How about everyone else?


----------



## tigerwoman (Jul 18, 2002)

Welcome to the catering business post 9-11. THings are definitely slow here in NYC - and all the business I have been getting lately is through pushing personal contacts.

But knock wood or my head (oh yeah almost the same thing) we've been steady this month. I have also been using stuff like internet bids to try to drum up new biz - but it is often depressing because the pricing is so low and you are bidding in the blind and still don't always get the job.

We did a great party last month for a very high end (regular) client but unfortunately it was their going away party - they moved back to the UK. Still we had a blast and hopefully will get some future biz from others - though in New York there are so many good caterers the competition is very crazy.

All you need is a few good clients....


----------



## shawtycat (Feb 6, 2002)

I thought Marm was asking if everything was as slow nationwide (and maybe internationally) as it is around here.


----------



## shroomgirl (Aug 11, 2000)

I've not done any good parties for a while.....large BBQ for the humane society, some additional private clients, I did fill in and did a demo for Whole Foods today, served 100 wild salmon and tropical salsa, and a herb caper sauce....a few picked up my card. 
Consulting clients can't seem to get it together.
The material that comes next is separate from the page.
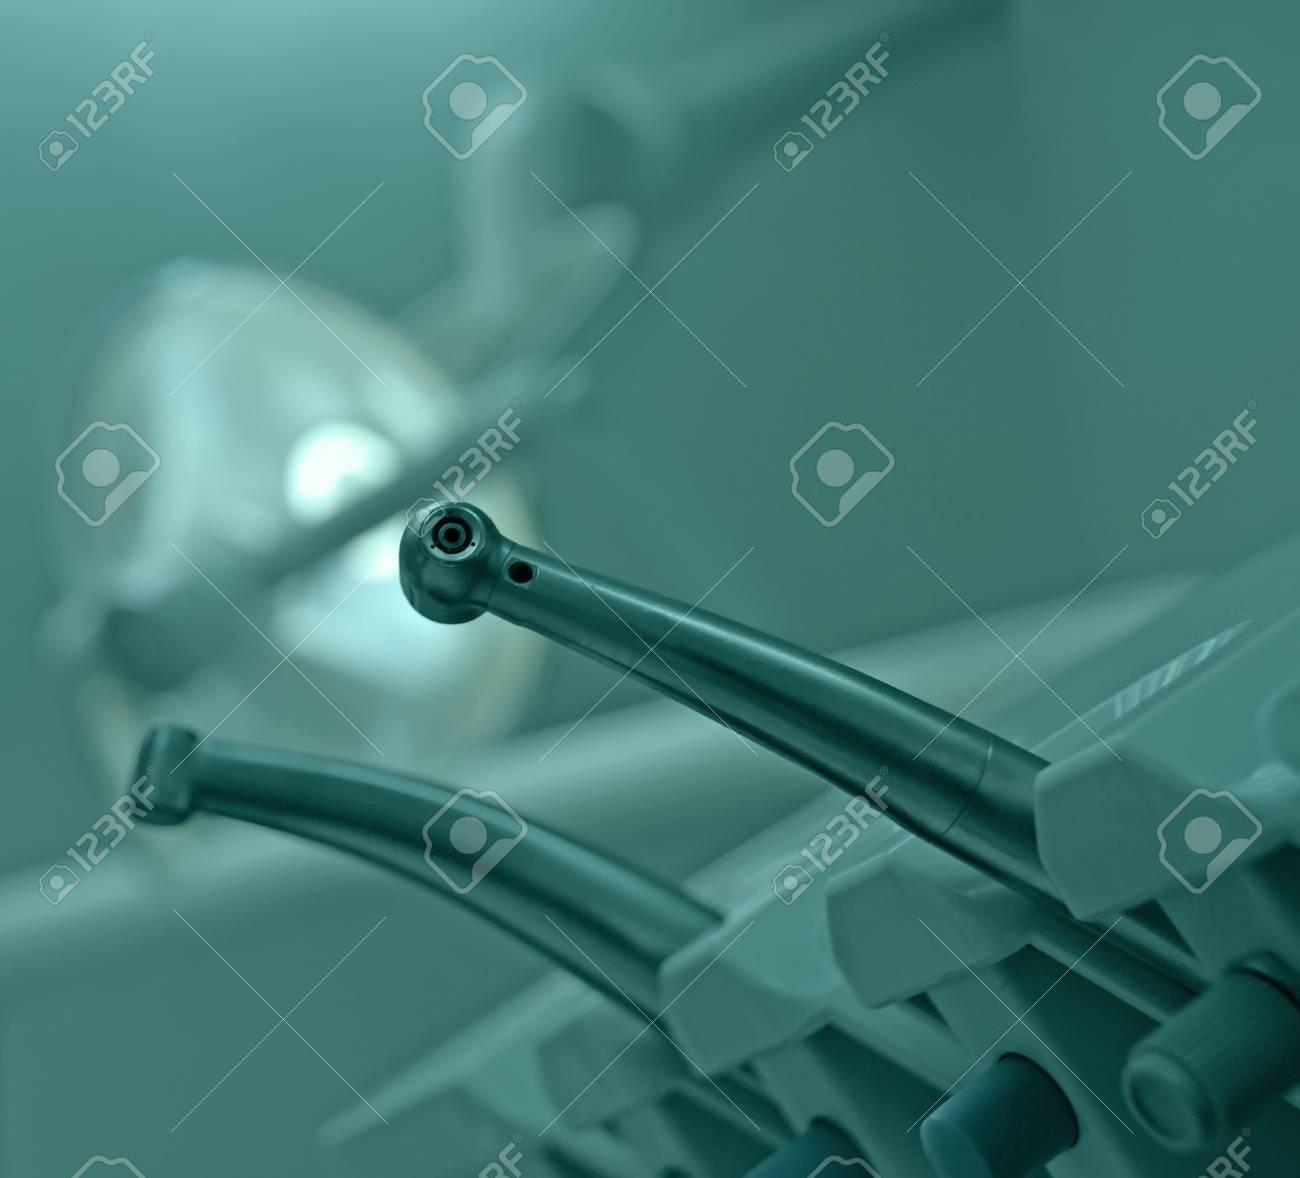 Dental work place Stock Photo - 5789181

Classes are doing great. So during a recession kids still go to cooking camp, people still take lessons, picnics happen but fancy dinners just aren't in the forefront.


----------



## marmalady (Apr 19, 2001)

Shawty, you're right! I was trying to get an idea of whether things were as slow in other parts of the country as they are here. 

More 'drop off dinners', less 'high end dinners', and two bids I had in for the university went to the university catering service, because of the costs.


----------